ACTION ITEM:
Type out the whole listing again exactly, pictures omitted.

RAW DATA:
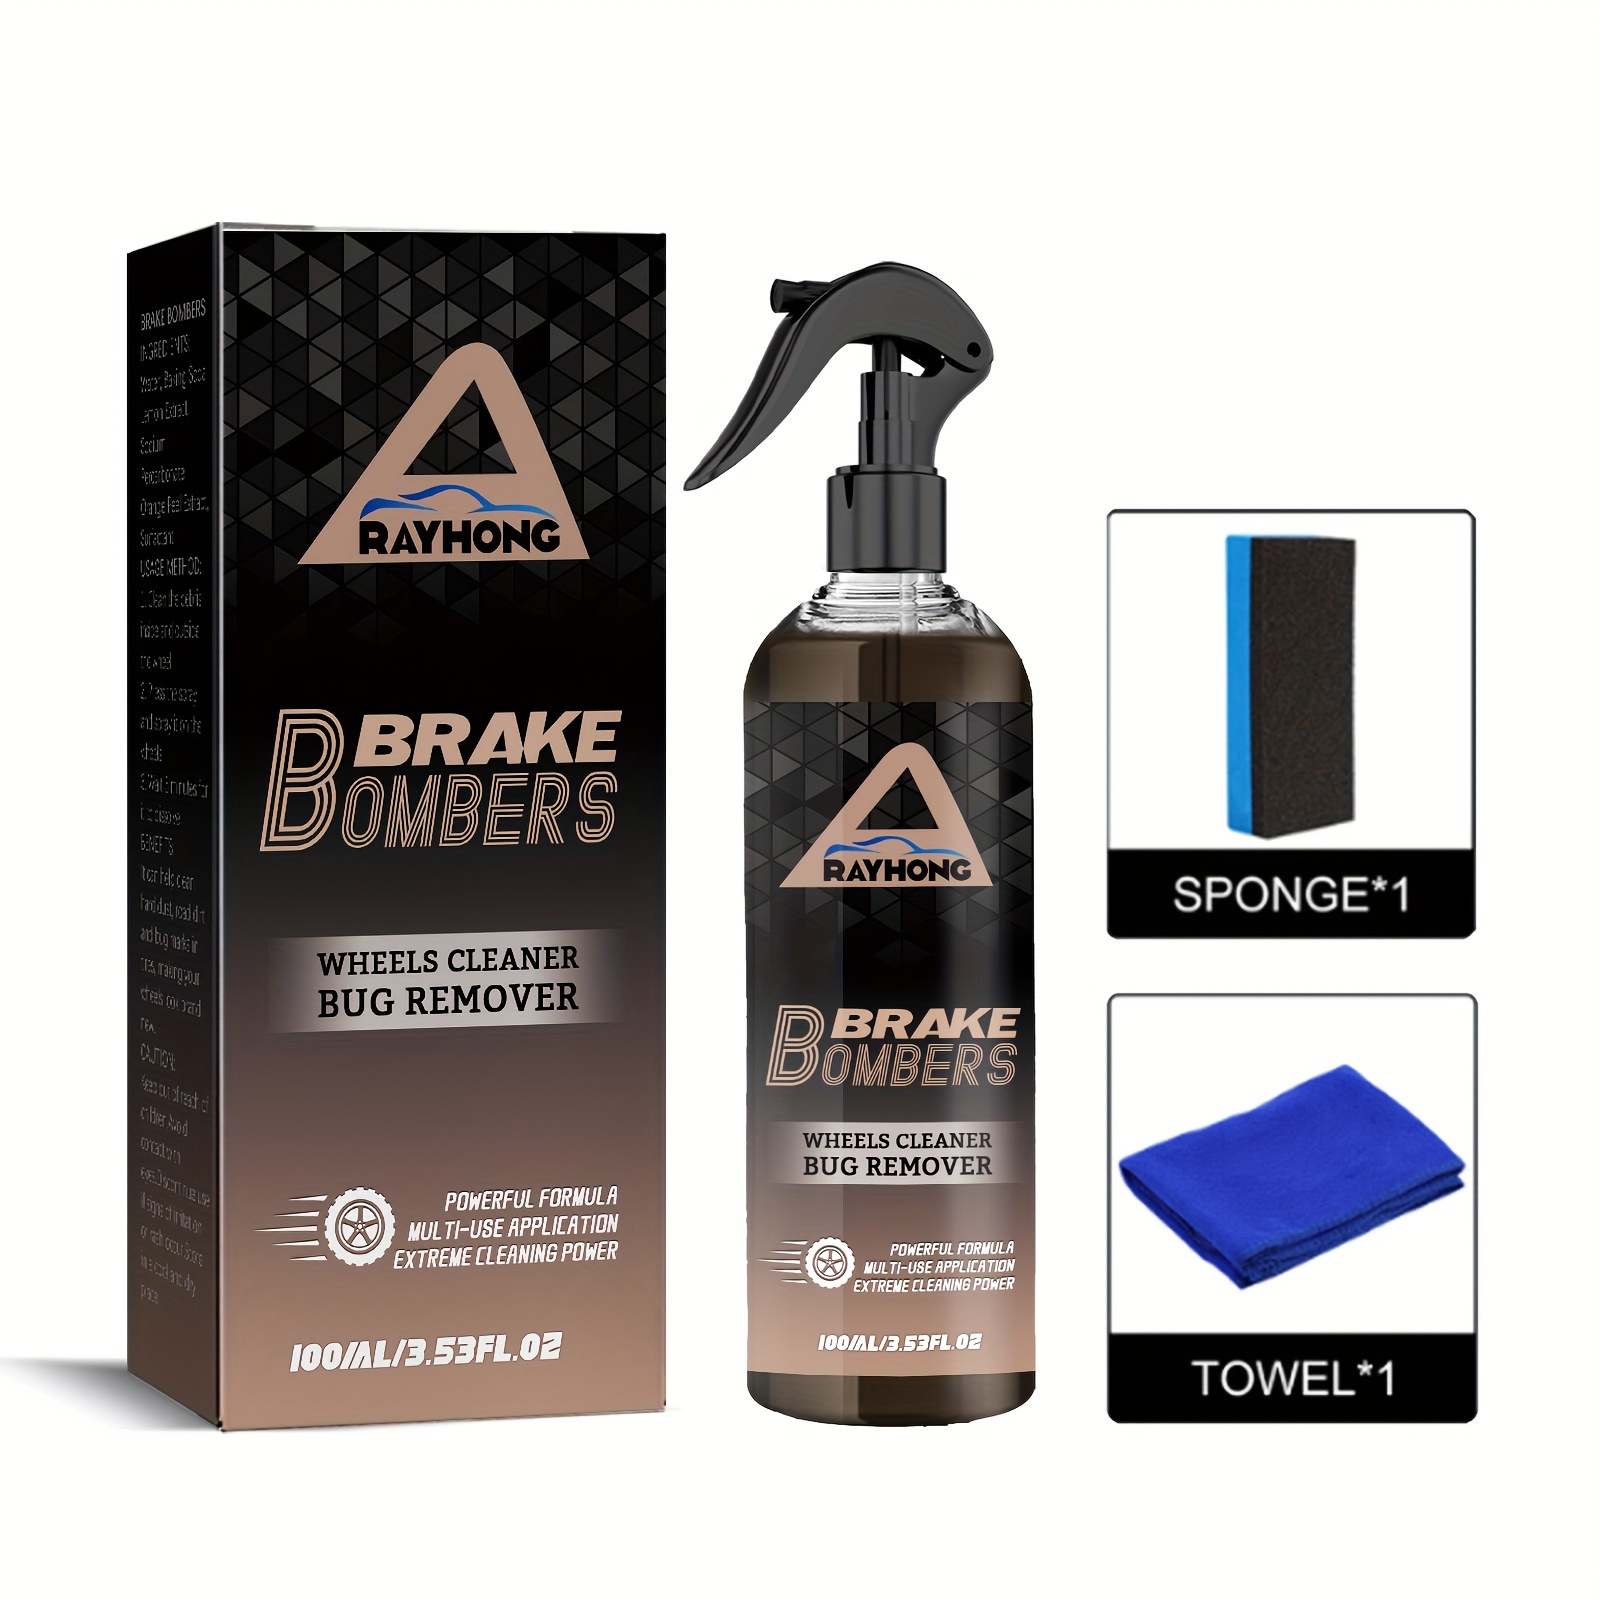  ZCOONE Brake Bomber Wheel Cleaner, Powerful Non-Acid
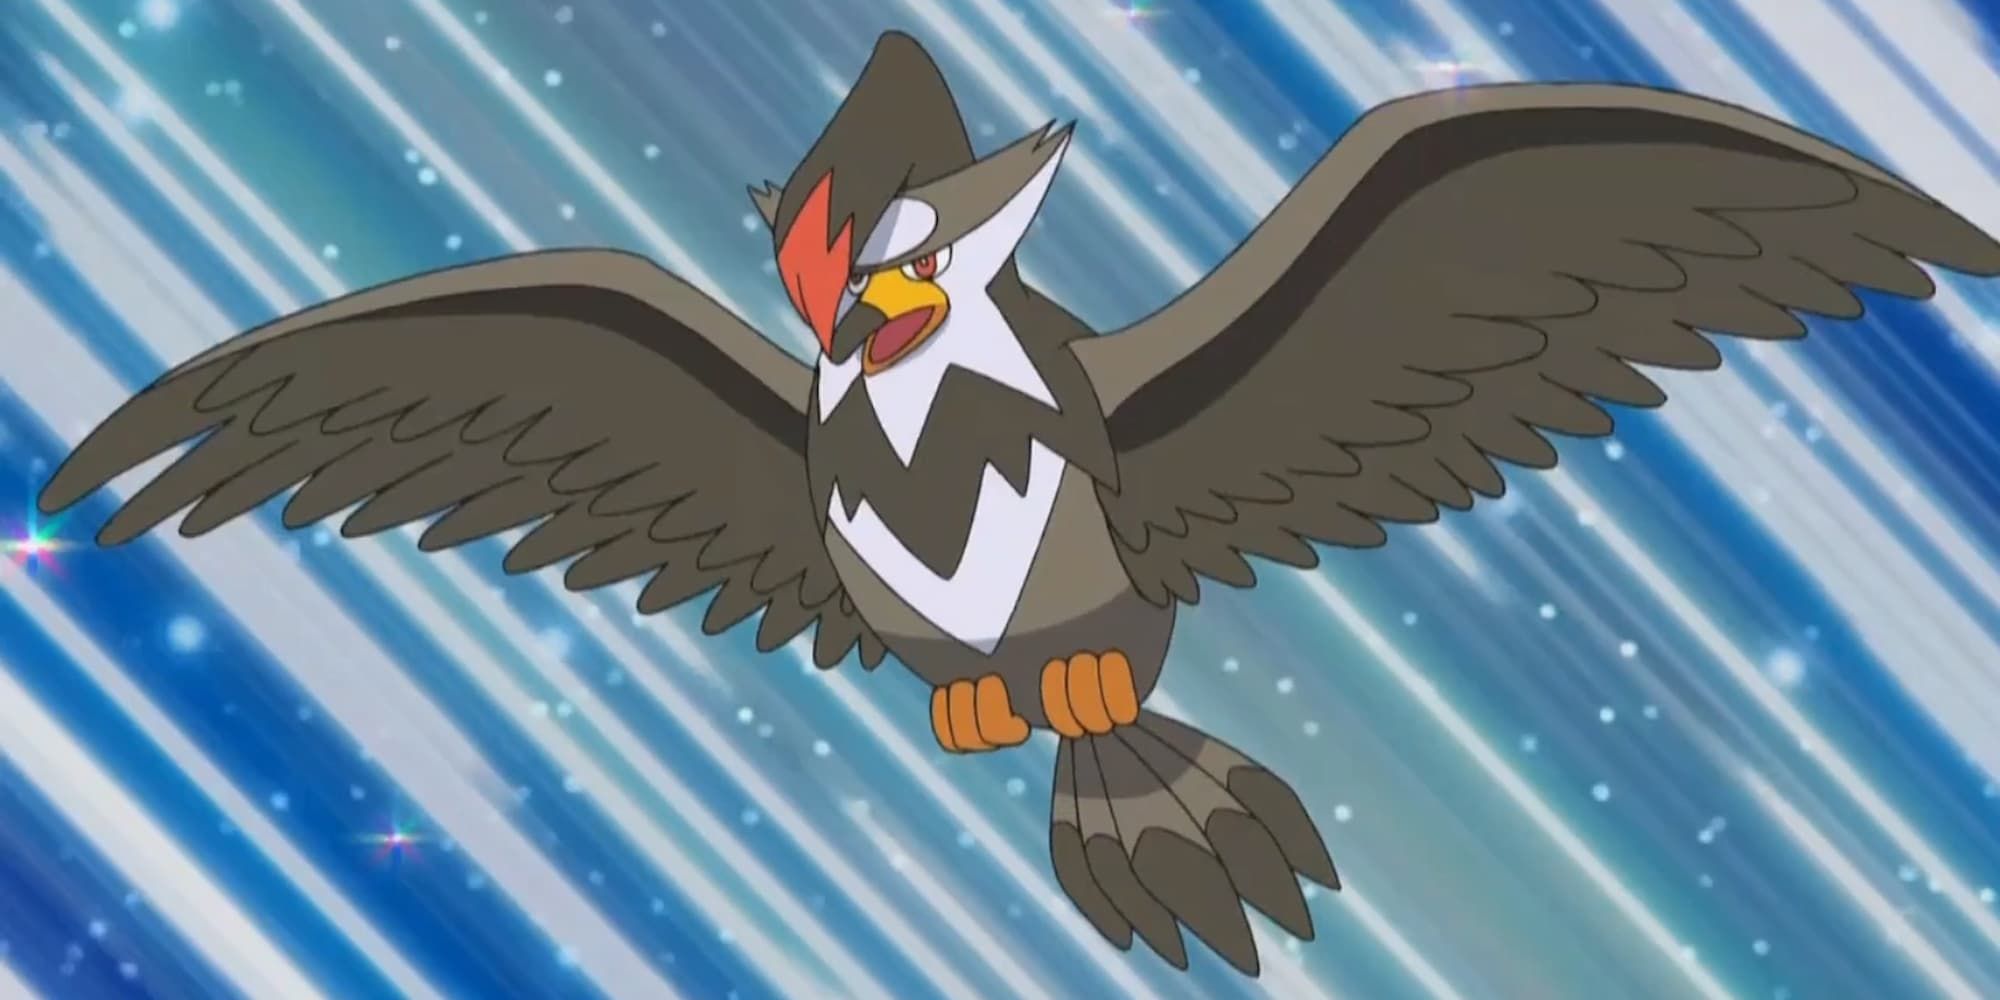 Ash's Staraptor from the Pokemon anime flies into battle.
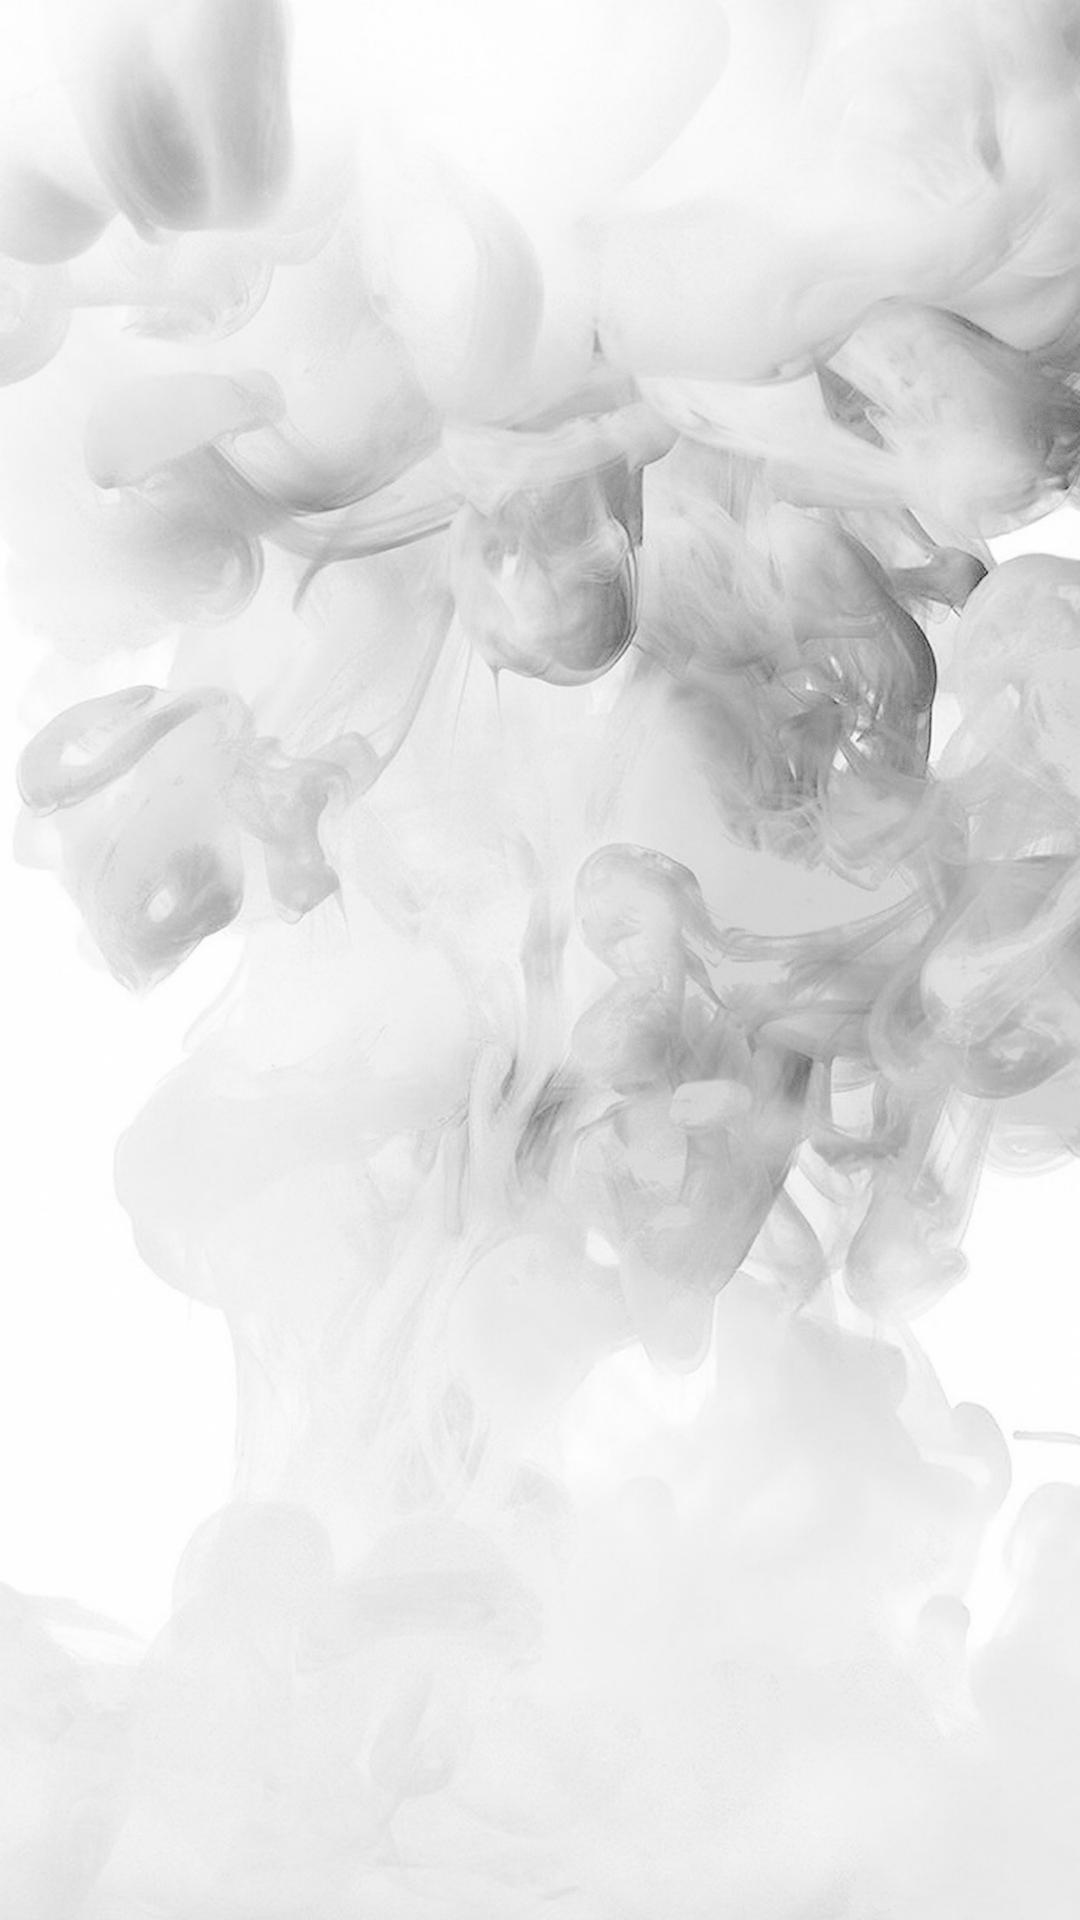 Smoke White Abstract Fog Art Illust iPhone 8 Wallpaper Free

COMPLETED EXERCISE:
  ZCOONE Brake Bomber Wheel Cleaner, Powerful Non-Acid
 Ash's Staraptor from the Pokemon anime flies into battle.
 Smoke White Abstract Fog Art Illust iPhone 8 Wallpaper Free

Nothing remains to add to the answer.